WHAT THE EXERCISE ASKS: Set down the full listing below word for word; pictures stay out of the copy.

STORED DATA:
------------------------

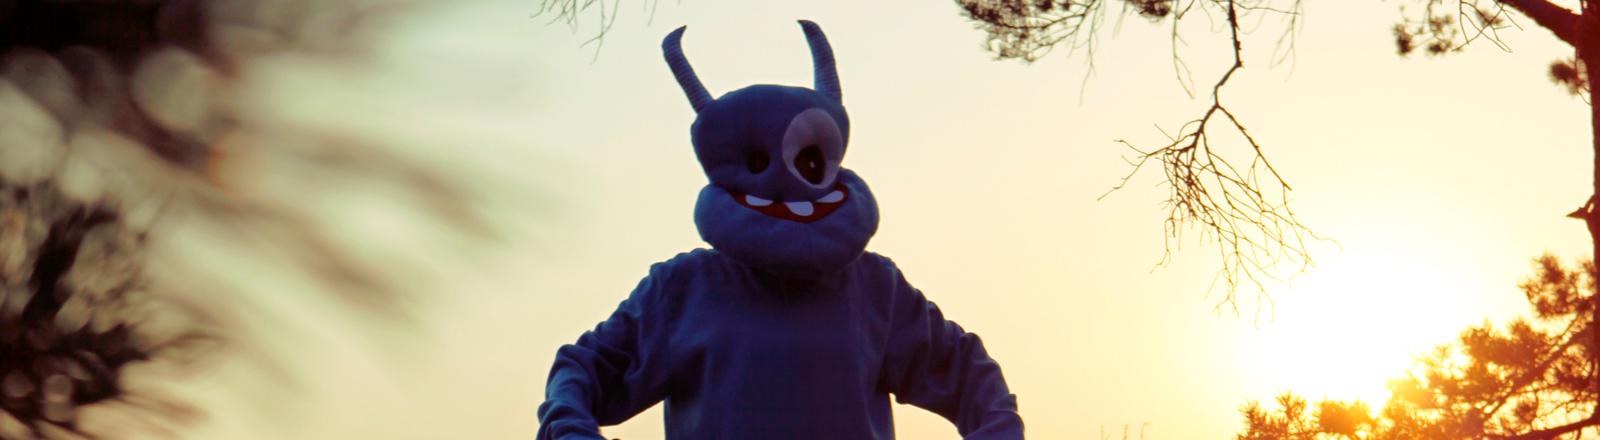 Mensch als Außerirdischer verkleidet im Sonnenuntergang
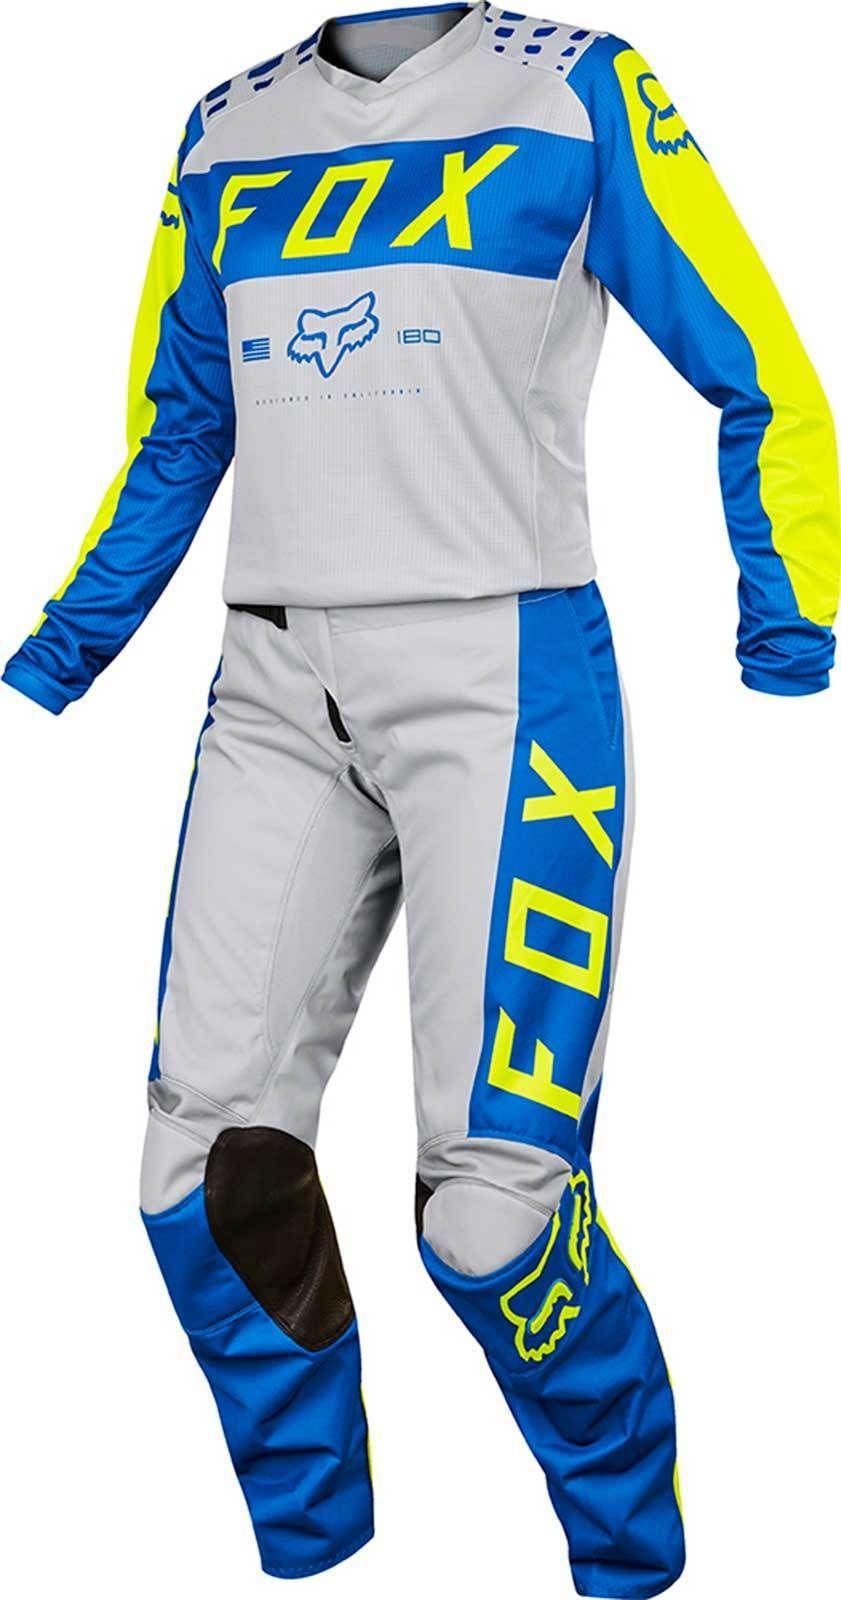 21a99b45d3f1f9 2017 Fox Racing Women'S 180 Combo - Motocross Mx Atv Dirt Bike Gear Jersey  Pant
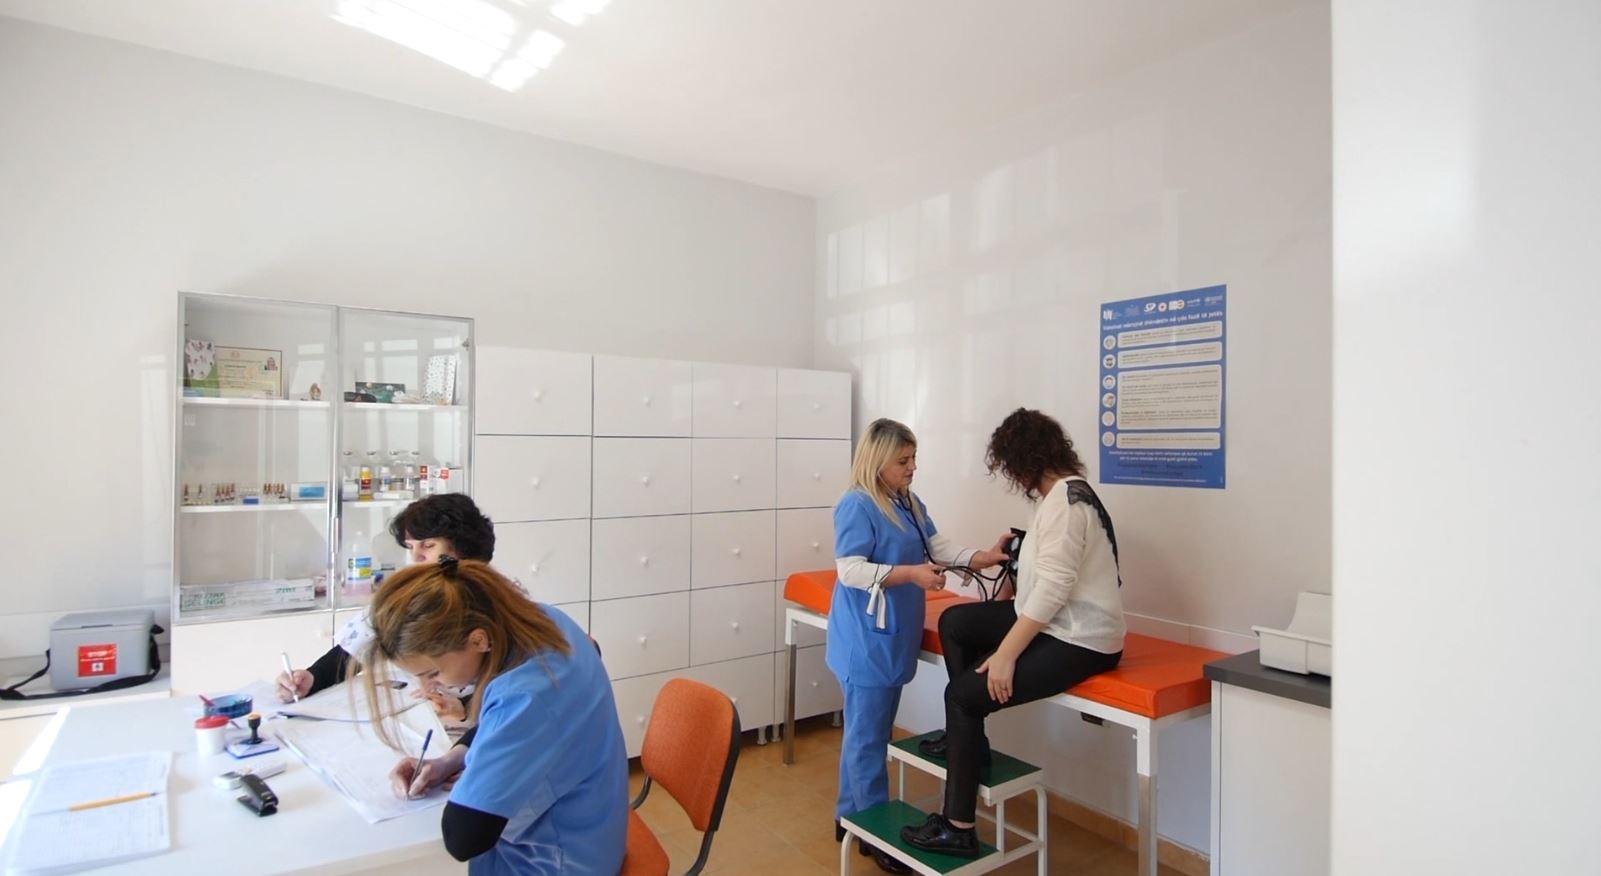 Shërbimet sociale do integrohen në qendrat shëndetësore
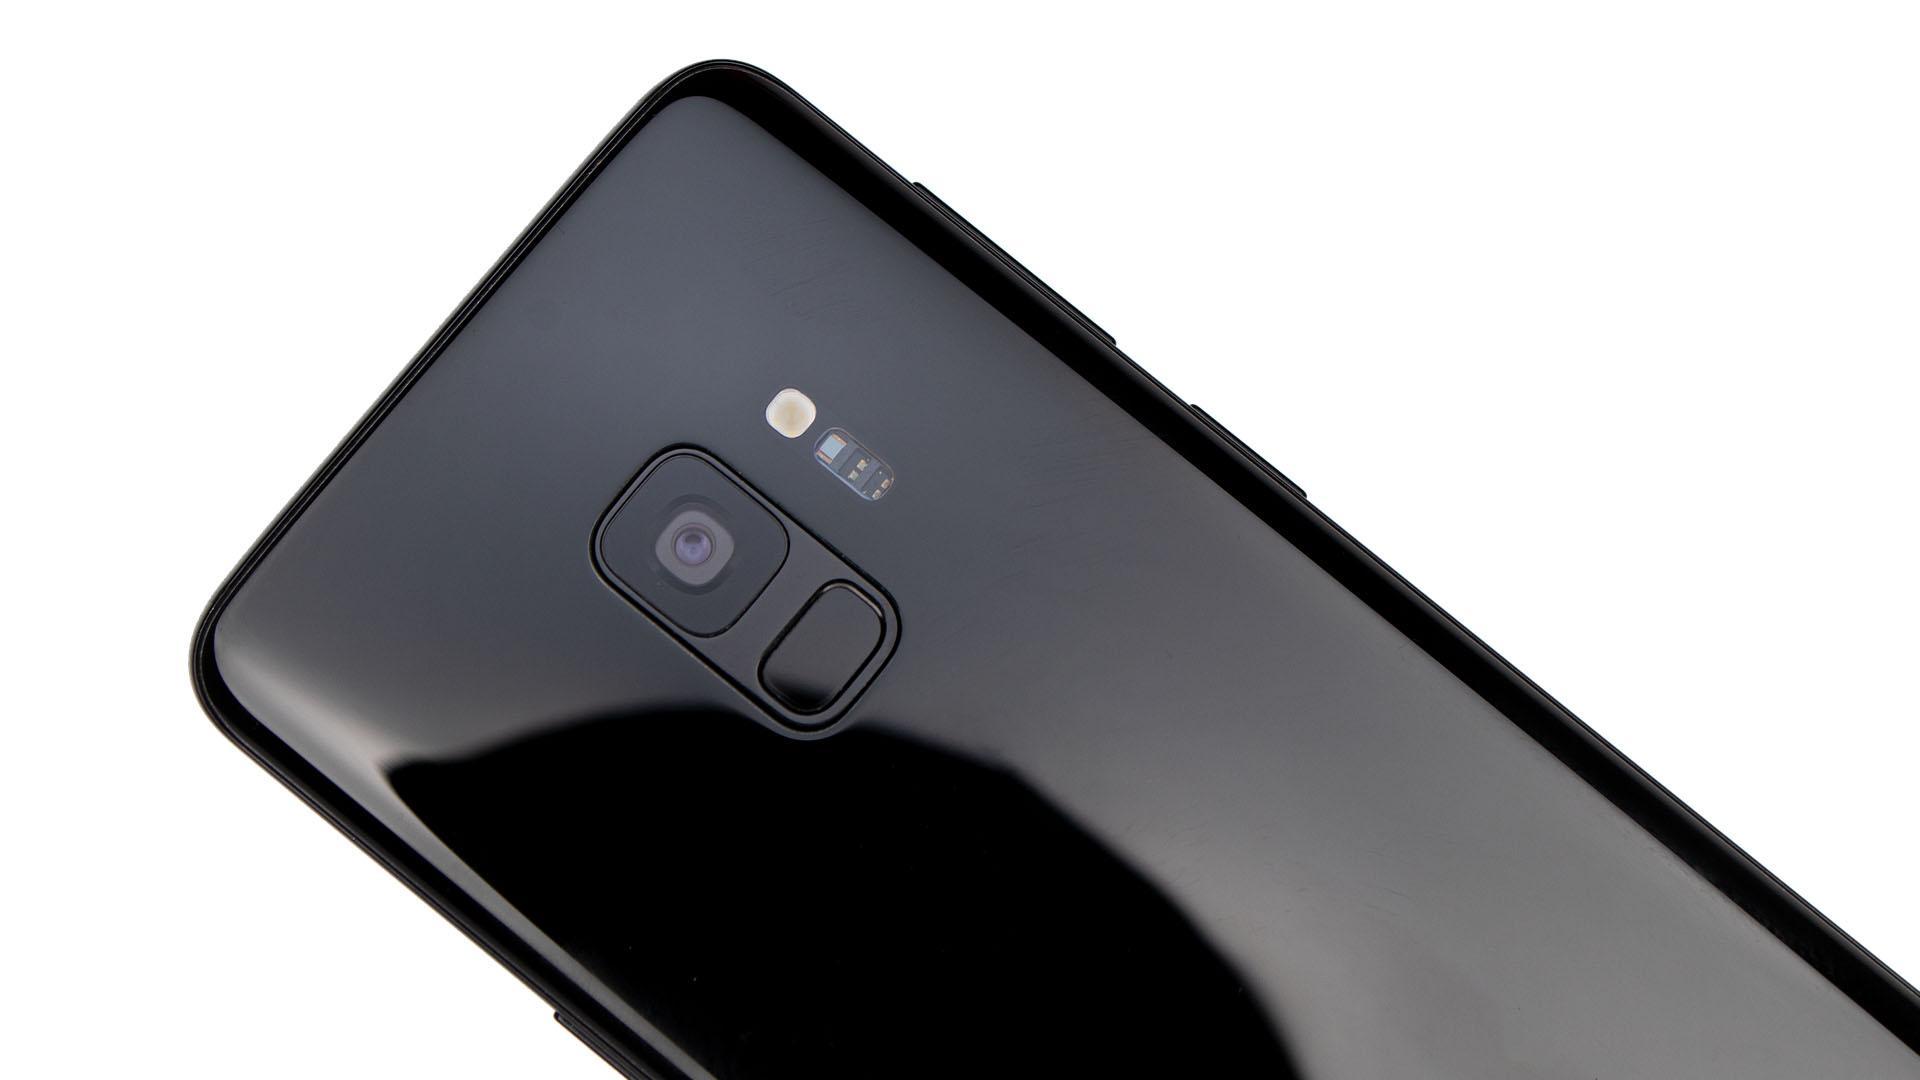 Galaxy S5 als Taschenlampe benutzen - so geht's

------------------------

RESPONSE TO THIS TASK:
 Mensch als Außerirdischer verkleidet im Sonnenuntergang
 21a99b45d3f1f9 2017 Fox Racing Women'S 180 Combo - Motocross Mx Atv Dirt Bike Gear Jersey  Pant
 Shërbimet sociale do integrohen në qendrat shëndetësore
 Galaxy S5 als Taschenlampe benutzen - so geht's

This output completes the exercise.